Caminar juntos como misioneros en el corazón de nuestra Iglesia
El itinerario espiritual junto a los discípulos de Emaús
La experiencia de caminar junto a los discípulos de Emaús representa un proceso de transformación profunda en el recorrido de la fe. Cleofás y su compañero vivieron una renovación interior al encontrarse con el peregrino que se volvió amigo; recibieron su espíritu y, con ello, un corazón nuevo. Ahora, portan una misión fresca y urgente, una verdad que no puede permanecer oculta y que debe ser proclamada sin demora. El regreso a Jerusalén, aunque implica riesgos e incluso la posibilidad del martirio, ya no les infunde temor. La presencia viva del Señor resucitado en sus vidas les llena de un amor que supera el miedo y es más fuerte que la muerte.
La Eucaristía como fuente y envío misionero
La Eucaristía es vivida como una sagrada intimidad con Jesús y, a través de Él, con Dios mismo. Este encuentro culmina en una misión concreta: “Vayan, den testimonio”. Así como María Magdalena y sus amigos, los discípulos sienten una llamada profunda que los impulsa a vivir una vida eucarística activa, sin detenerse ni dudar en el camino. Esta vivencia exige que la fe, nacida en la intimidad con Cristo, se traduzca en un compromiso real y encarnado en la sociedad actual, superando posturas meramente intimistas o ritualistas.
La misión cotidiana y el testimonio auténtico
La misión inicia, ante todo, con las personas cercanas que forman parte de nuestra vida diaria, (la familia). Para ello, es esencial mantener una actitud de escucha y buscar la comunión con los demás. La autenticidad de nuestro testimonio se pone a prueba precisamente ante quienes nos conocen íntimamente, quienes ven nuestras impaciencias, resentimientos, celos y defectos, es decir, todas nuestras limitaciones humanas.
La familia como pilar fundamental en la sociedad y la Iglesia
La familia es reconocida como un pilar esencial tanto para la sociedad como para la Iglesia. Su misión principal consiste en ser un espacio donde el amor incondicional y el crecimiento humano y espiritual se desarrollan de manera continua. Este ambiente familiar no solo nutre el corazón y la fe de sus miembros, sino que también los prepara para enfrentar los desafíos del mundo actual con compromiso y trascendencia.

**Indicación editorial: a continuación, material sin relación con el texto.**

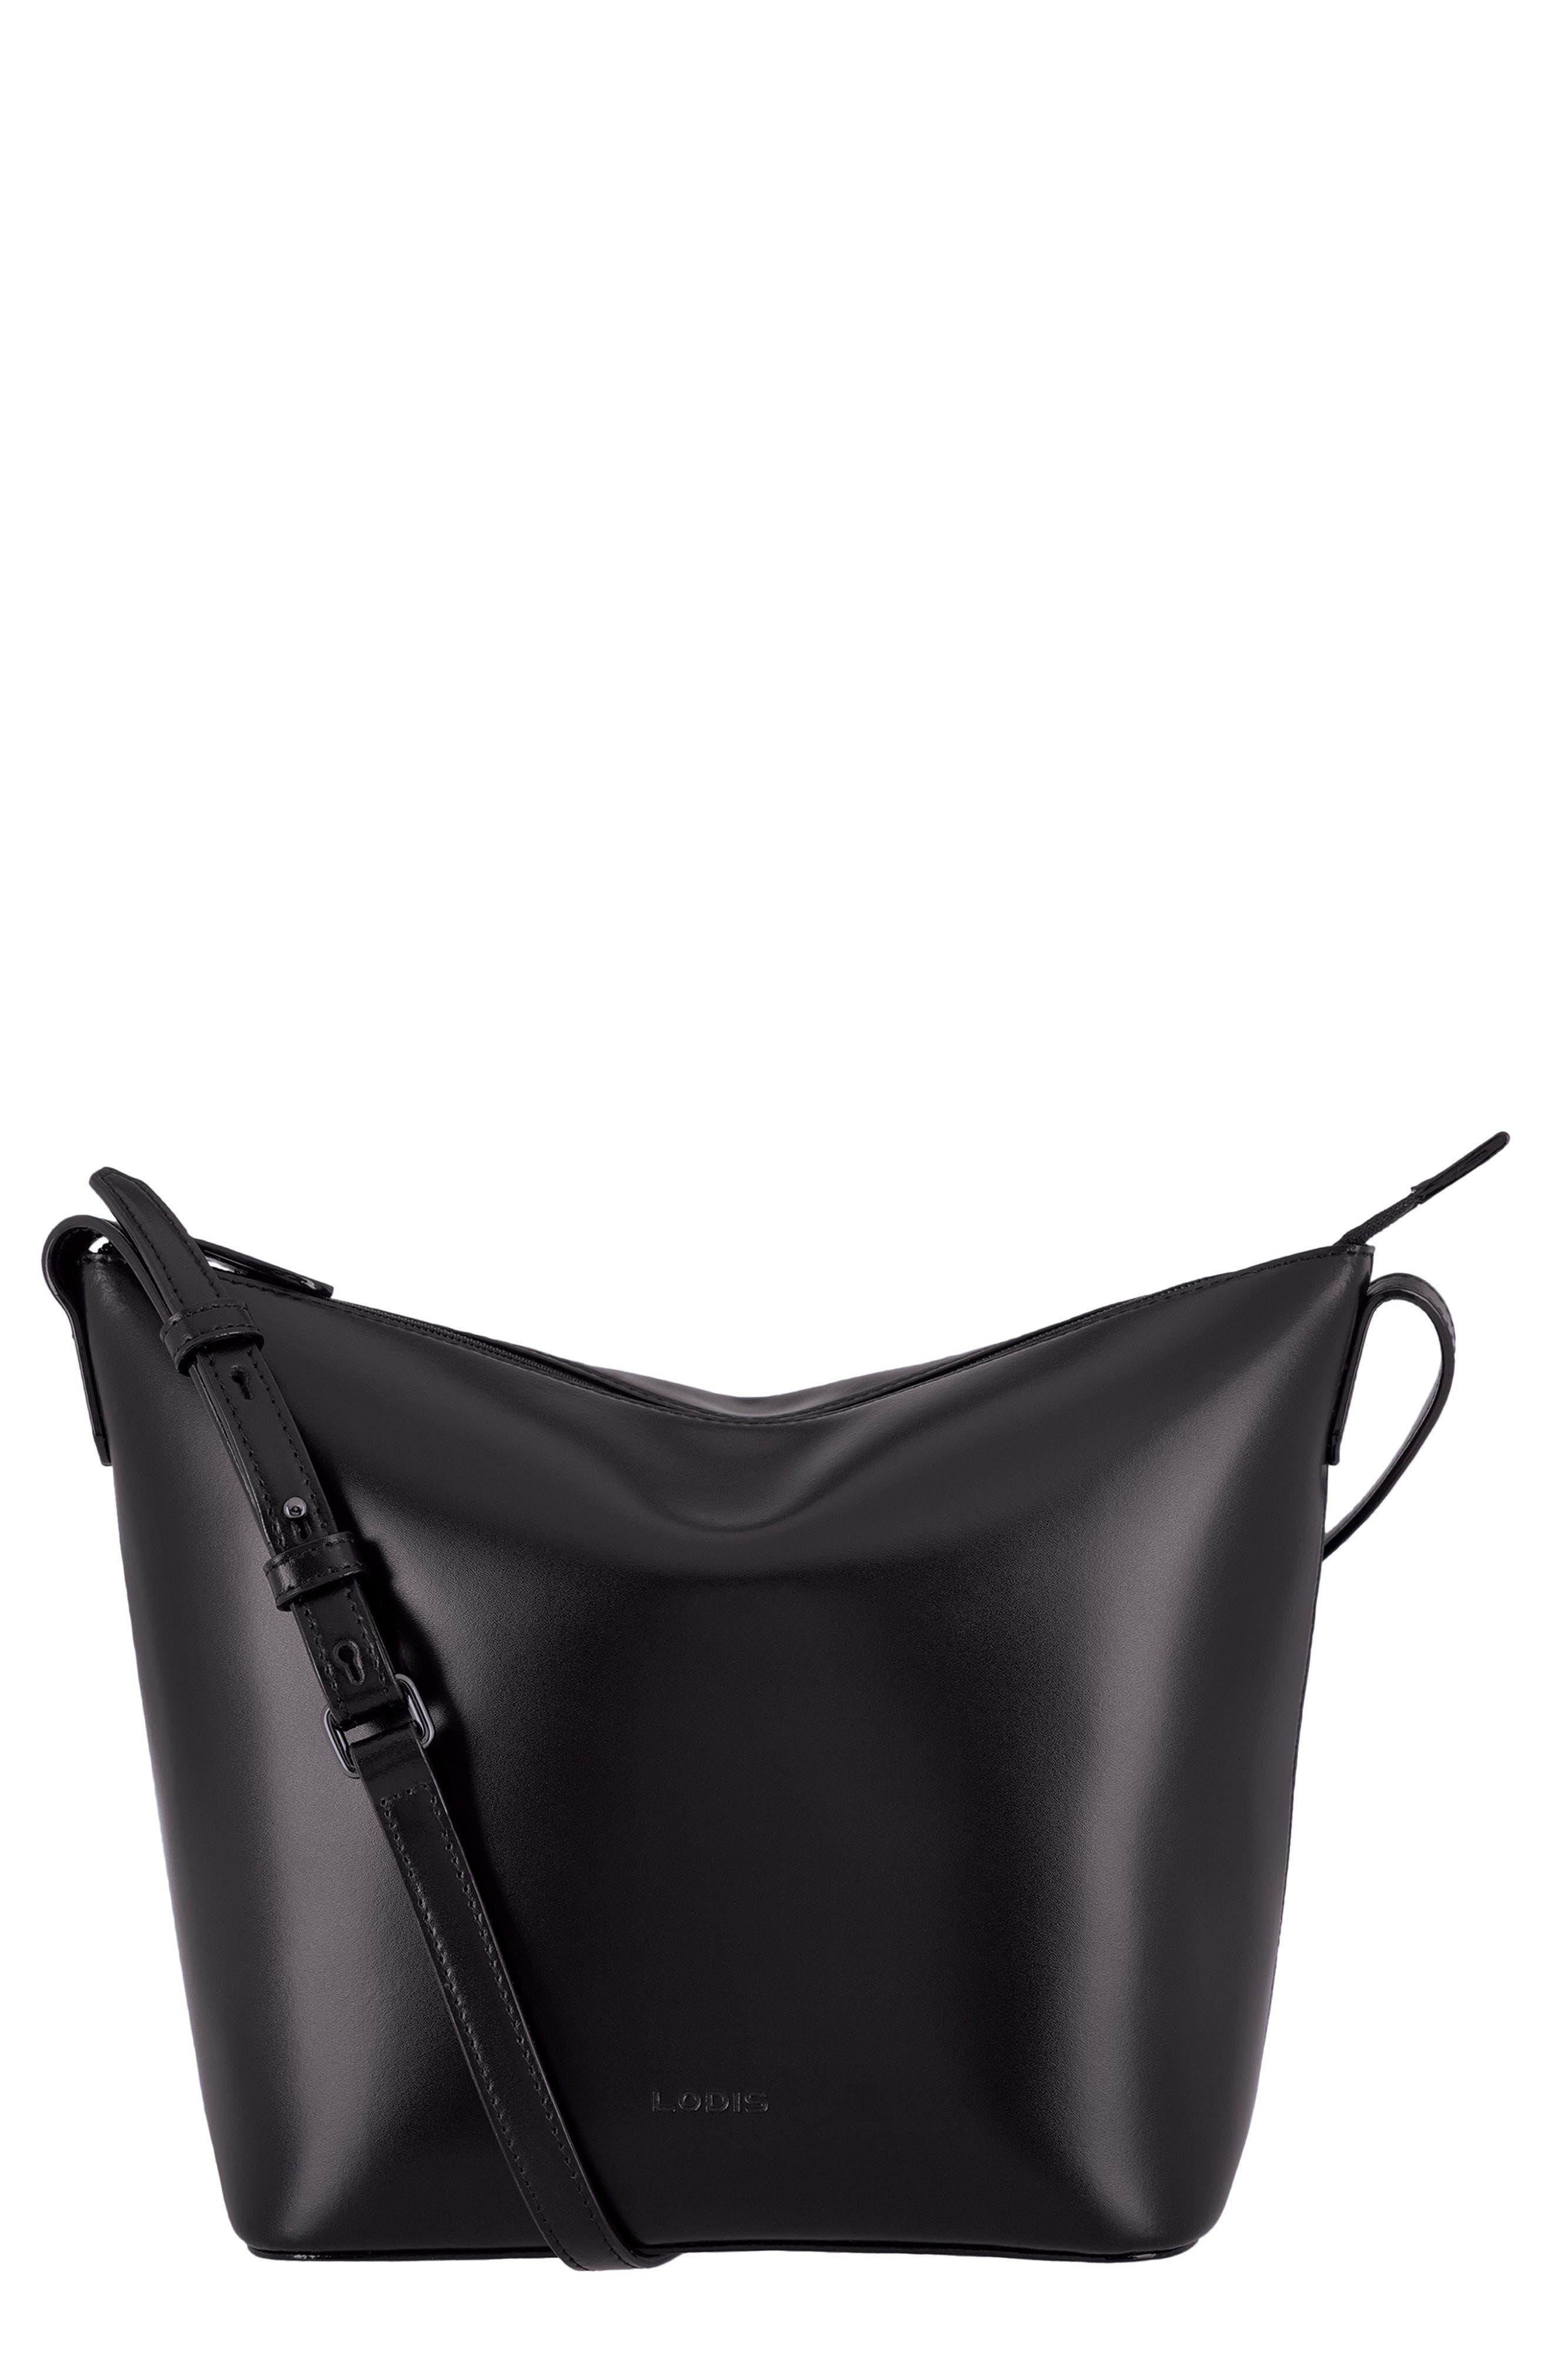 Camilla RFID Leather Crossbody Bucket Bag,                         Main,                         color, BLACK/ BLACK

En este sentido, la familia se convierte en una escuela de vida en la que cada persona puede experimentar la acogida, el acompañamiento y el fortalecimiento de valores que les permiten vivir de manera íntegra y comprometida. Al ser testigos y transmisores de este amor y crecimiento, los integrantes de la familia contribuyen activamente a la construcción de una sociedad más justa y una Iglesia más viva, capaz de responder a las necesidades contemporáneas con esperanza y responsabilidad.
El apostolado en familia según el padre Caffarel
El padre Caffarel ofrece valiosas pistas para el apostolado familiar. Señala que hay actividades apostólicas que los esposos pueden emprender y continuar juntos, como la formación de novios, la acogida de catecúmenos, el apoyo a matrimonios jóvenes y el socorro a matrimonios en crisis. Sobre todo, destaca la importancia de proclamar las grandezas y exigencias del matrimonio cristiano.
La misión de las familias según el papa Francisco
El papa Francisco comparte su visión sobre la misión de las familias. Invita a los matrimonios a tomar la iniciativa dentro de la comunidad parroquial y diocesana, incentivando la creatividad y la participación corresponsable junto a los ministros ordenados en la pastoral familiar. Afirma que el matrimonio es una “cultura del encuentro” y anima a tender puentes entre generaciones para transmitir los valores fundamentales que nos constituyen como pueblo, tanto en la sociedad como en la Iglesia.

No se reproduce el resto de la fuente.